- [REQUIREMENT]:
Repeat the data in full. Drop every picture.

Segment Start: COLLECTED MATERIAL

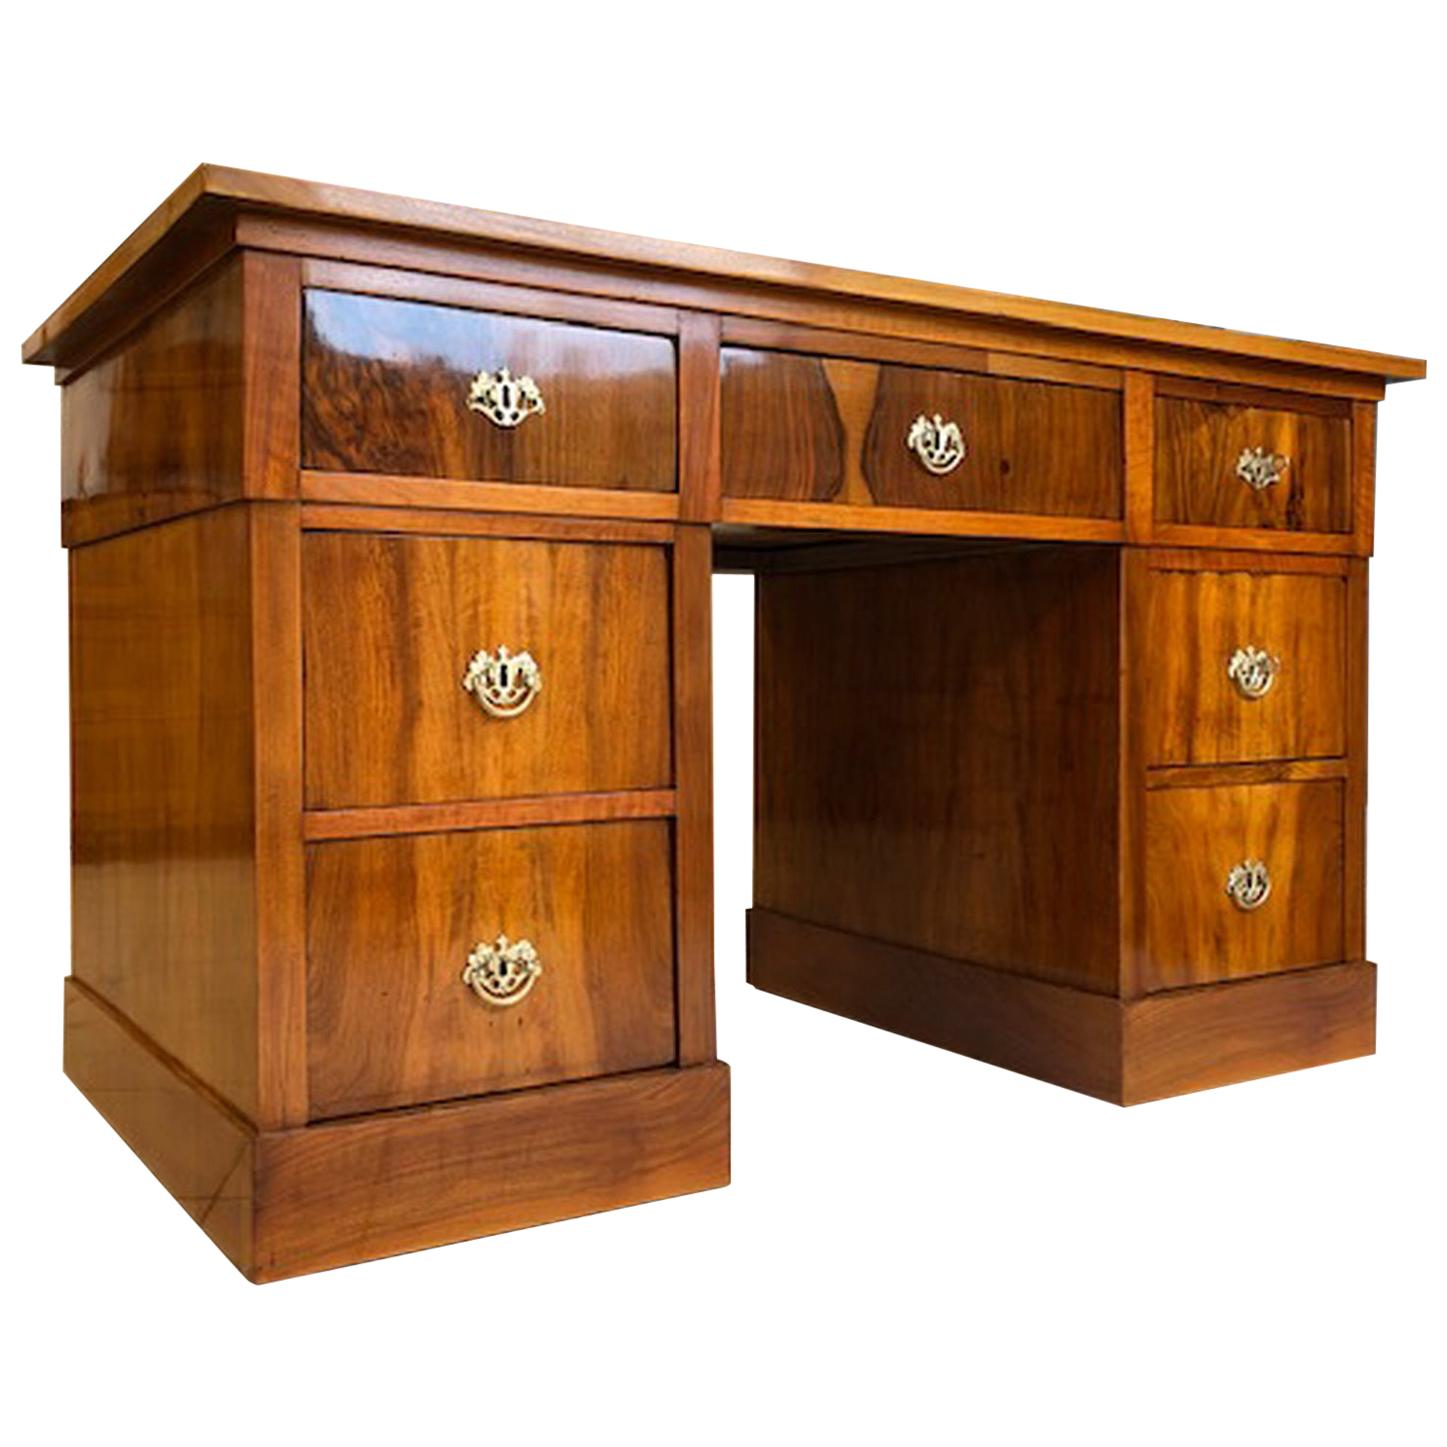 Original Restored Late Biedermeier Desk, circa 1865 For Sale
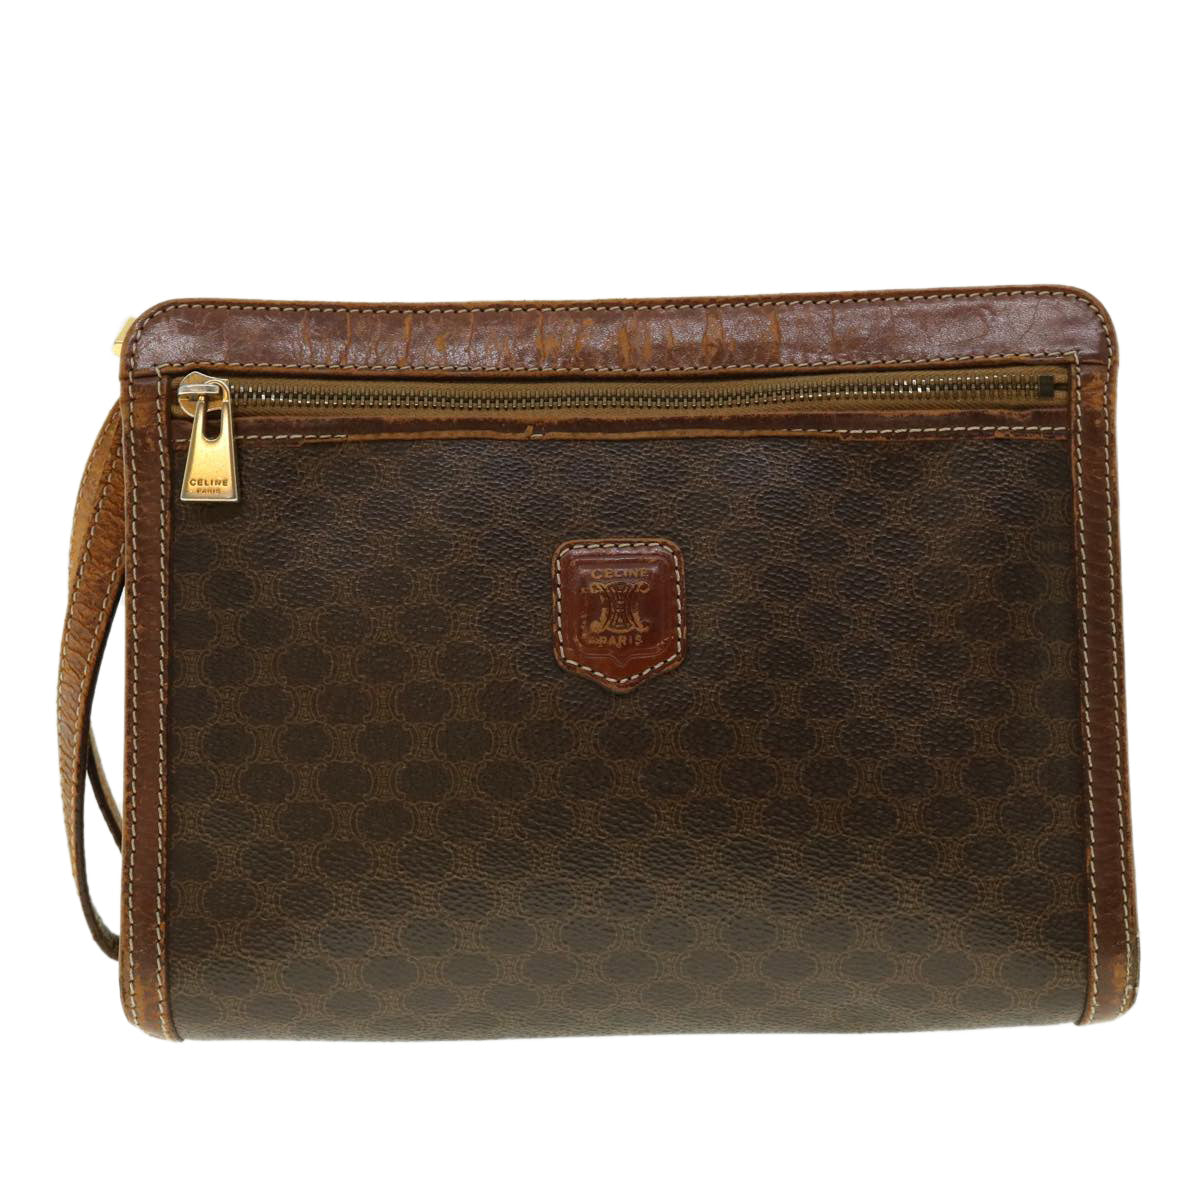 CELINE Macadam Canvas Clutch Bag PVC Leather 2Set Brown Auth fm2235 - 0
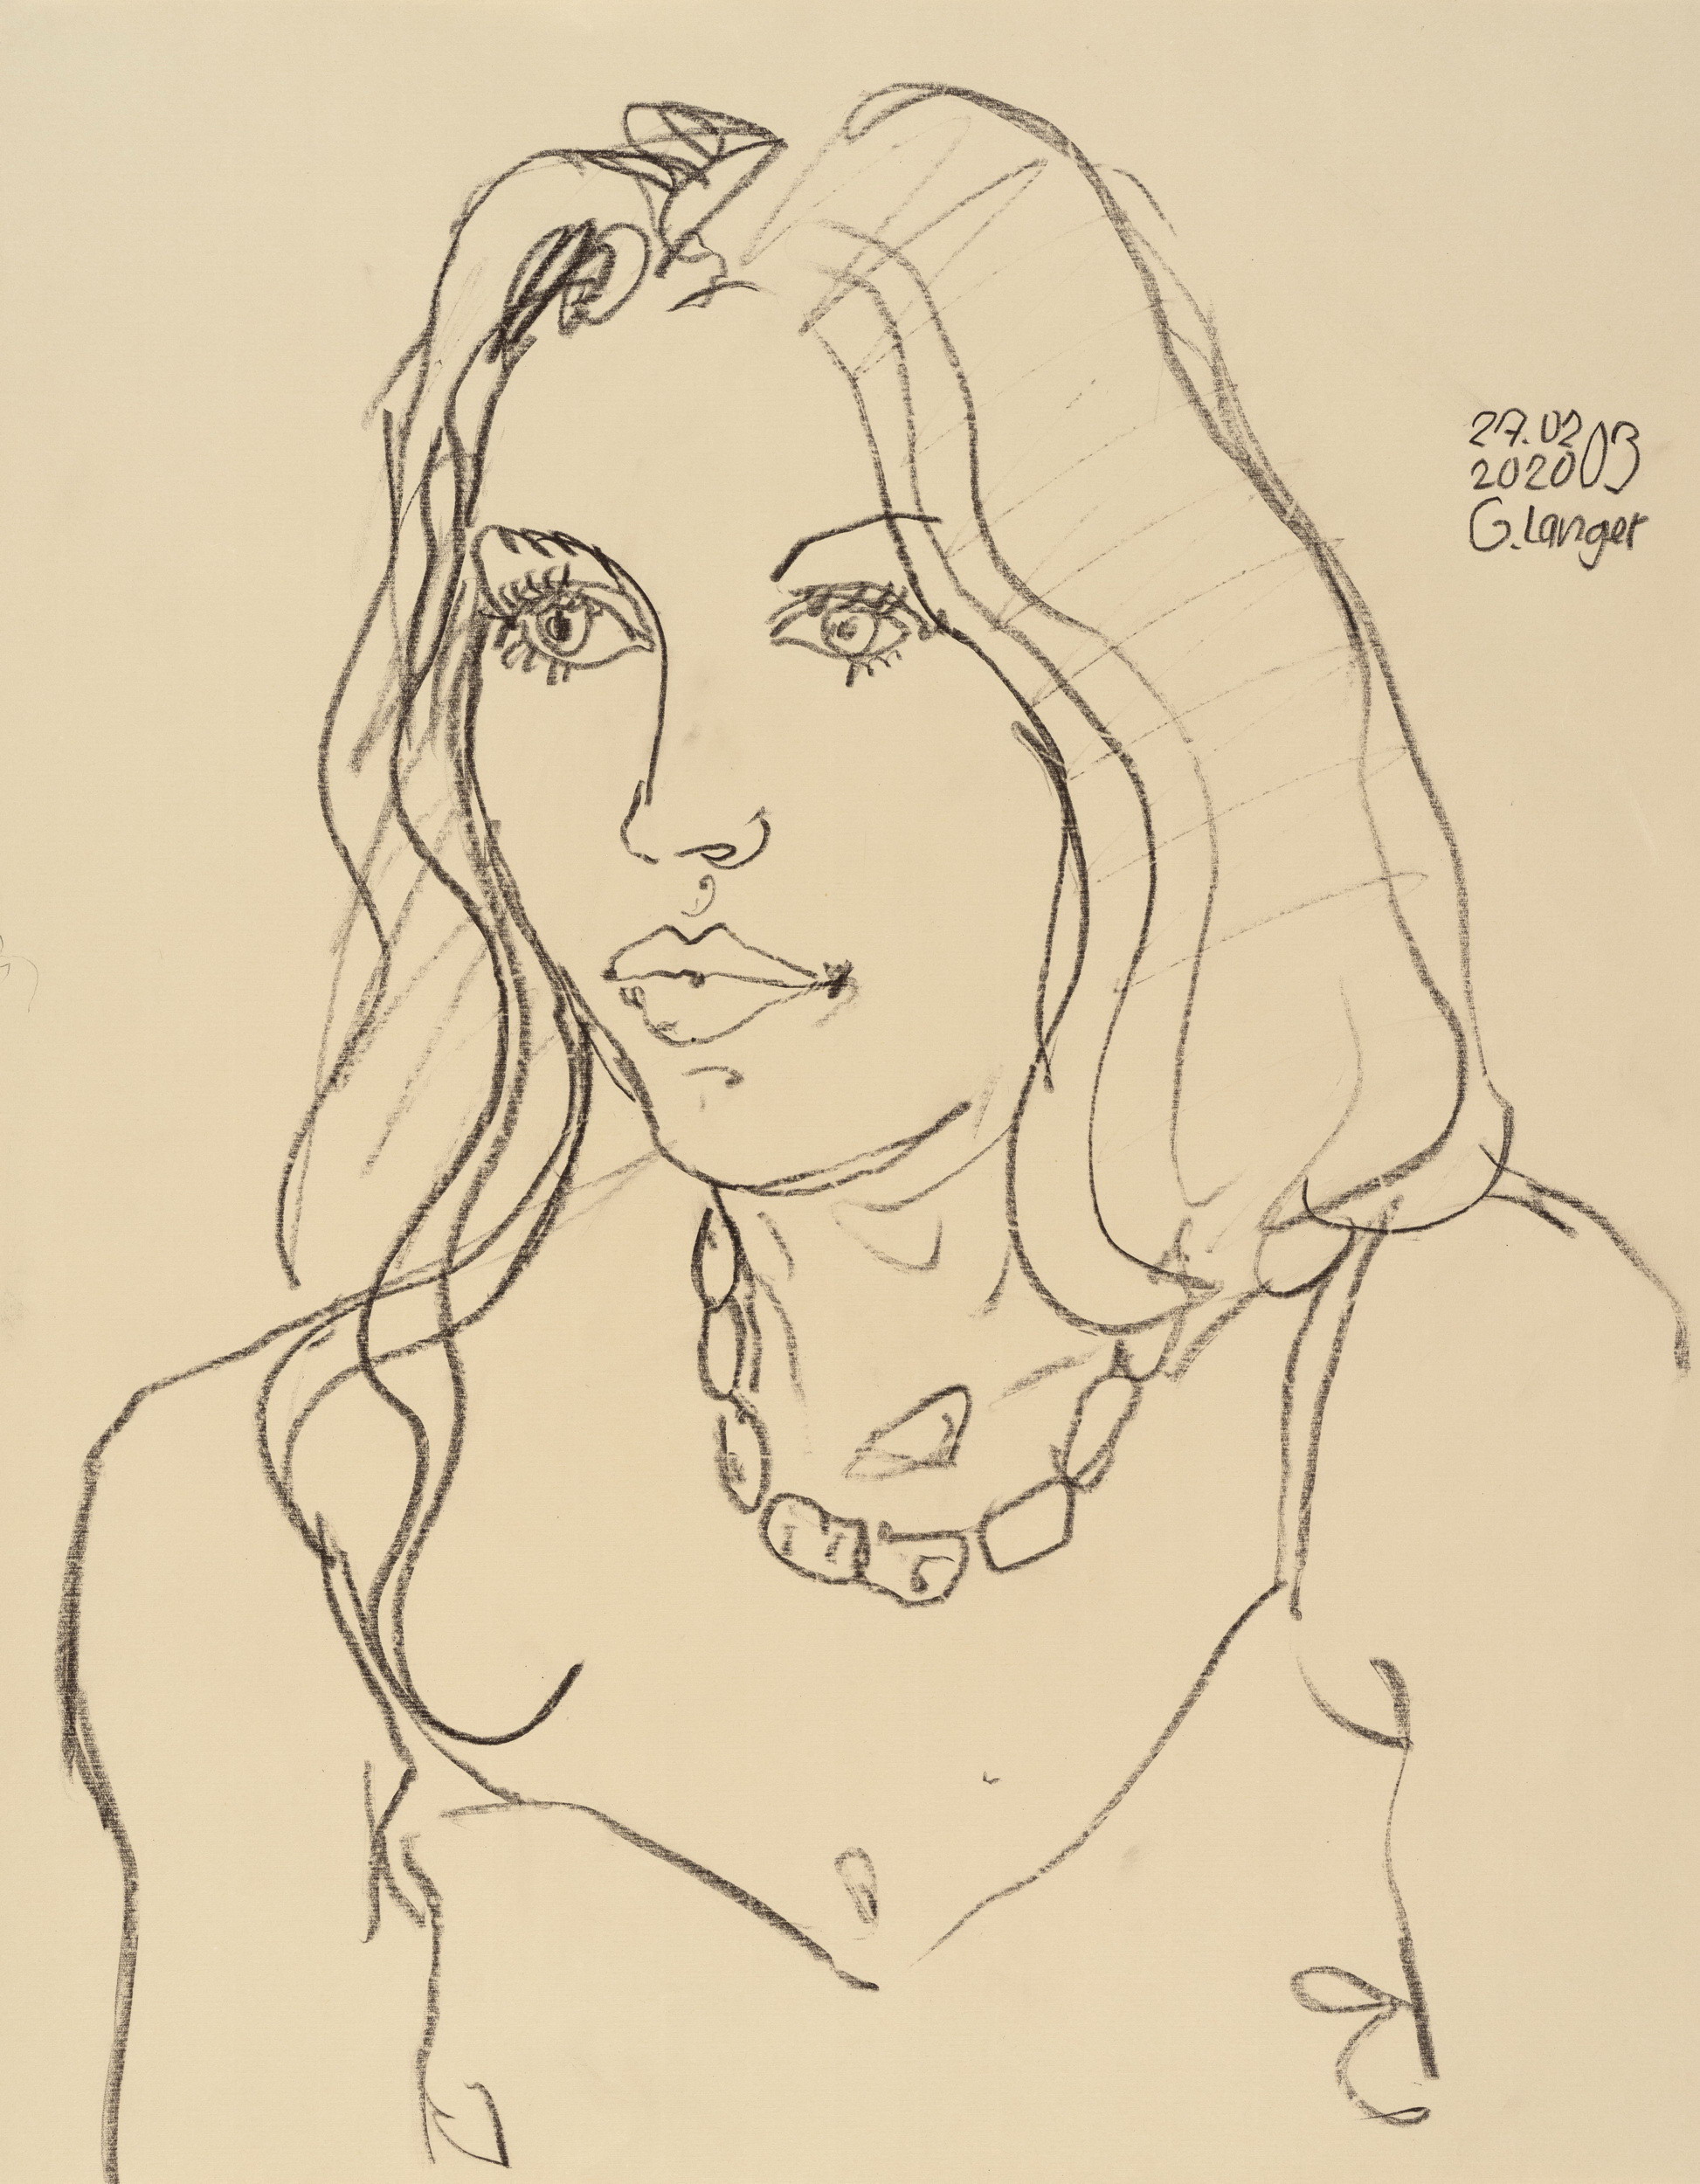 Gunter Langer, Portrait einer jungen Frau, 2020, Zeichenpapier, 63 x 49 cm

Segment End: COLLECTED MATERIAL

- [OUTPUT BELOW]:
 Original Restored Late Biedermeier Desk, circa 1865 For Sale
 CELINE Macadam Canvas Clutch Bag PVC Leather 2Set Brown Auth fm2235 - 0
 Gunter Langer, Portrait einer jungen Frau, 2020, Zeichenpapier, 63 x 49 cm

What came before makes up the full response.